Klares Bekenntnis zu Europa
Ein gemeinsames Bild für Europa auf Basis der christlichen Wertevorstellungen hat Bischof Dr. Georg Bätzing beim Neujahrsempfang der Stadt Limburg gefordert. „Wir brauchen ein einiges Europa und wir brauchen eine weit stärkere Europäische Union, die mehr ist als nur eine Währungs- und Wirtschaftsunion mit gemeinsamen Rechtsnormen“, unterstrich Bätzing. Dazu brauche es eine emotionale Verbindung zu Europa, benötigten die Menschen gemeinsam große Bilder, die „uns tragen und motivieren.“
Das Christentum könne hierzu entscheidend beitragen, so der Bischof. „Europa ist ein Projekt, das aus dem Krieg geboren wurde, um Frieden zu sichern“, wies er auf die Gründungsgeschichte nach zwei Weltkriegen mit millionenfachen Leid und Tod hin. Ein Christ werde immer ein Bote des Friedens sein, oder er sei kein Christ. „Wie also könnte ein Christ, der in Europa lebt, nicht zugleich überzeugter Europäer sein? Ich kann mir das ehrlich gesagt überhaupt nicht vorstellen“, verdeutlichte der Bischof.
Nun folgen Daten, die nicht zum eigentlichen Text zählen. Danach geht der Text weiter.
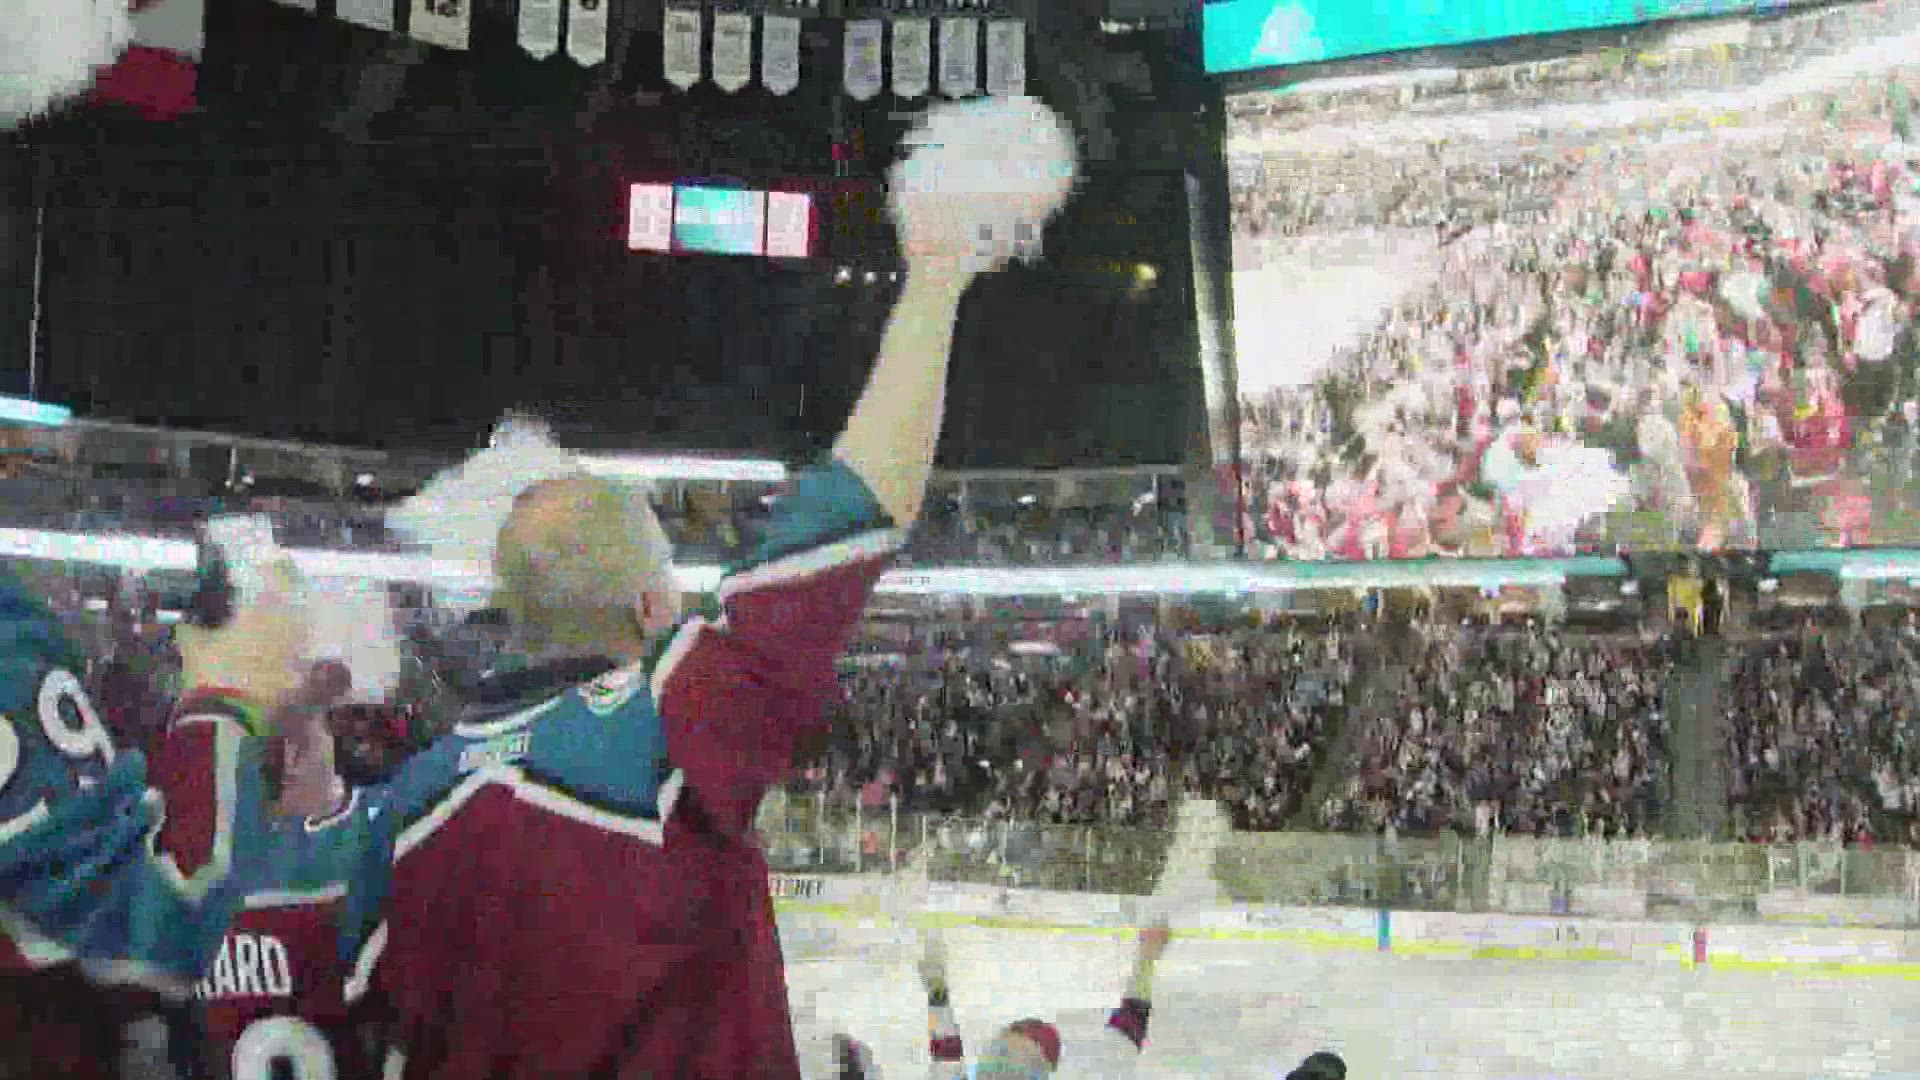 Monday's Game 4 was more than 1,000 miles away in Edmonton, but Avalanche fans from around Colorado still packed Ball Arena for a watch party.

Auch auf Gemeinschaft sei Europa angewiesen, verdeutlichte der Limburger Bischof. Und um die scheint es derzeit nicht besonders gut bestellt: Brexit, zeitweise wieder eingeführte Grenzkontrollen, aufkeimender Nationalismus und Rechtspopulismus in vielen Ländern. Nach Einschätzung von Bischof Bätzing sind dies keine guten Voraussetzungen, um die enormen Herausforderungen, vor denen Europa und die Welt stehen, zu meistern.
"Wie schnell Menschenrechte, Frieden und Freiheit jedoch gefährdet sind, wenn der Zusammenhalt im Angesicht der Herausforderung schwindet, auch das konnten wir leider vor kurzer Zeit sehen." Stacheldrahtzäune an innereuropäischen Grenzen, Diskussion über Schusswaffeneinsatz an der deutschen Grenze und Flüchtlinge, denen in EU-Staaten die Nahrung vorenthalten wird. "Antisemitismus, Islamfeindlichkeit und Rassismus schwelen nicht nur, da wird mittlerweile offen und öffentlich gezündelt. Das dürfen wir nicht hinnehmen!", hielt der Bischof fest.
Bätzing grenzte sich vom Begriff des „christlichen Abendland“ ab. Nach Einschätzung des Bischofs ist die europäische Geschichte in weiten Teilen auch eine Geschichte des Christentums und seiner durchaus ambivalenten Rolle in Gesellschaft, aber der Begriff vom „christlichen Abendland“ unterstelle eine homogene Verbindung, die es nie gegeben habe. Zugleich reduziere er das Christentum auf das geografische Abendland und das Abendland auf das Christentum, dessen Wiege im Orient liege. Vielmehr sei der Begriff ein "Kampfbegriff" und ein "Abgrenzungs- und Ausgrenzungsbegriff, zuerst gegen den Bolschewismus, inzwischen ein von Rechtspopulisten genutzter Begriff gegen den Islam.
Zutiefst chirstliche Werte wie Nächstenliebe, das Streben nach Freiheit und Frieden, nach gegenseitigem Respekt, Toleranz und Teilhabe seien für aufrechte Christen "selbstverständlich, schutzwürdig und schutzbedürftig". Es brauche den Einsatz und Willen der Bürgerinnen und Bürger, um die Vision eines von Werten getragenen Europas voranzubringen.
Europa dürfe nicht scheitern, Europa werde nicht scheitern. Europa ist für den Bischof eine der entscheidenden Ressourcen für die Demokratie seiner Mitgliedstaaten, so Bätzing. „Und Europa selbst ist nach wie vor getragen vom Engagement vieler Christinnen und Christen mit ihrem Welt- und Menschenbild“, sagte der Bischof und forderte dazu auf, die Europawahl am 26. Mai zu nutzen, um den Weg Europas für fünf weitere Jahre zu bestimmen.